Notice shall be deemed to be delivered to the mortgagor: (i) when delivered by hand to the mortgagor; or (ii) when sent by first class mail and certified mail or similar service by a private carrier to the mortgagor at the mortgagor's address last known to the mortgagee or anyone holding thereunder.

Mass. Gen. Laws ch. 244, § 35A.

Even if Plaintiff did receive the notice as required, he alleges that the language in the Notice that he “allegedly received” is insufficient under the terms of the Mortgage and applicable Massachusetts law. See [Compl. ¶¶ 21-27]. He specifically alleges that the Notice (1) failed to comply with Paragraph 22 of the Mortgage with respect to the information required for a notice of default, [id. ¶¶ 21-22], and (2) contained “ambiguous and unnecessary language” that was “contrary to, water[ed] down and infringe[d] upon [his] unequivocal right to reinstate the [M]ortgage by paying less the accelerated amount ‘anytime' before the foreclosure,” [id. ¶¶ 2526].

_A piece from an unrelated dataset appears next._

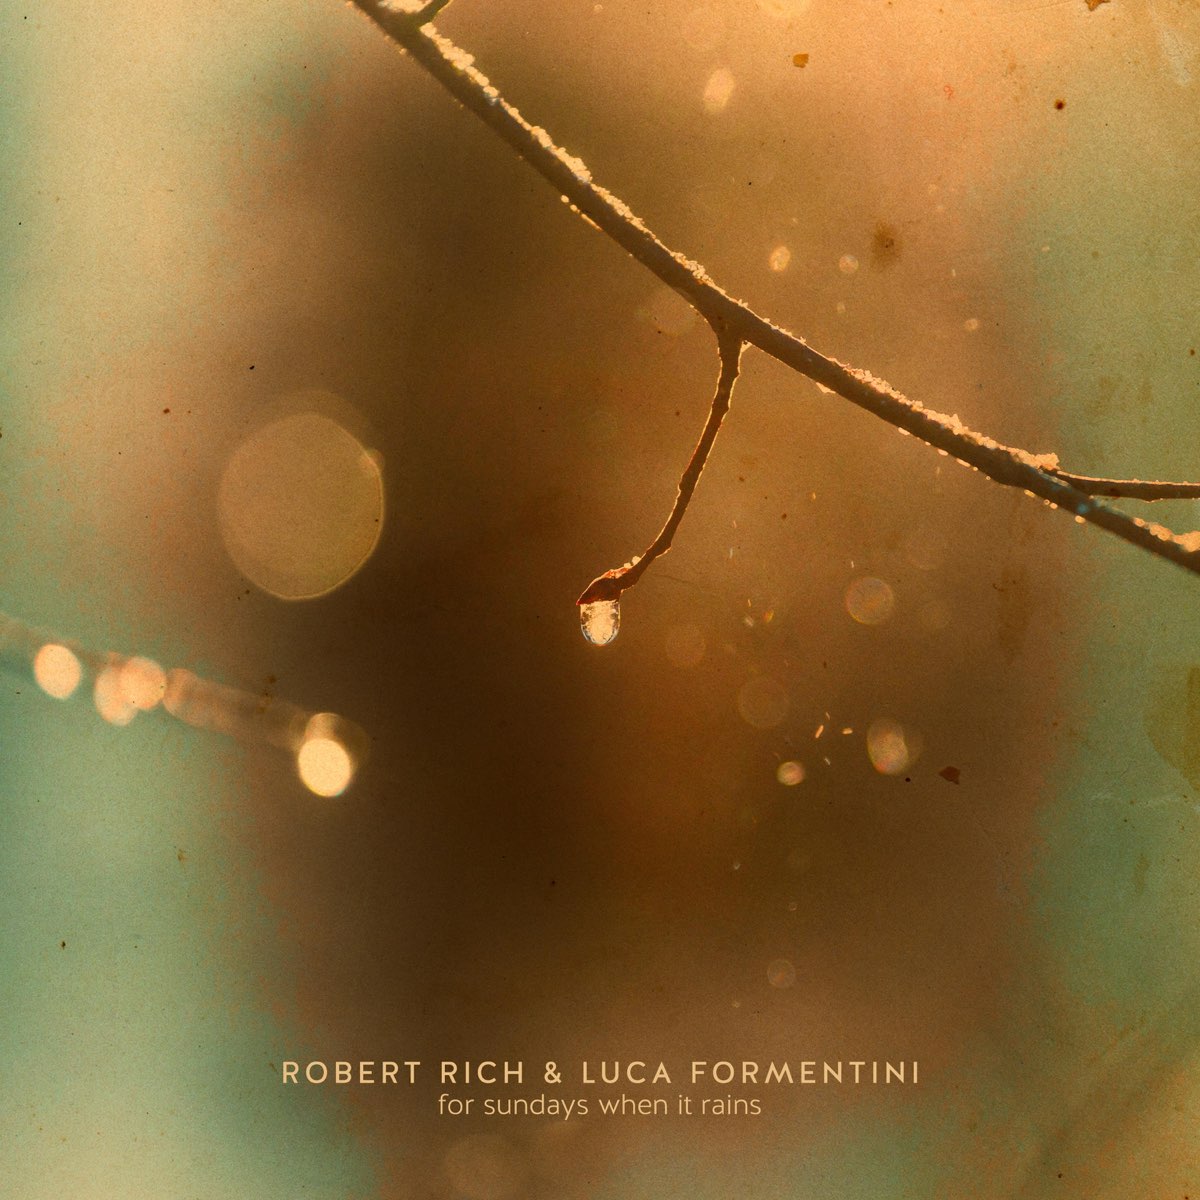 ROBERT RICH & LUCA FORMENTINI: For Sundays When It Rains

First, regarding Paragraph 22, Plaintiff alleges that “any notice sent purporting to state compliance with paragraph 22” of the Mortgage “failed to contain the required information as described in the Mortgage and or contained additional information that was not in strict compliance with said paragraph.” [Compl. ¶ 21]. Accordingly, he argues that because he did not receive proper notice of default under Paragraph 22, Defendants “[violated Mass. Gen. Laws. ch.] 183, § 21 for failure to first comply with the terms of the [M]ortgage prior to exercising any power of sale, rendering any acceleration, foreclosure, and sale void.” [Compl. ¶ 22].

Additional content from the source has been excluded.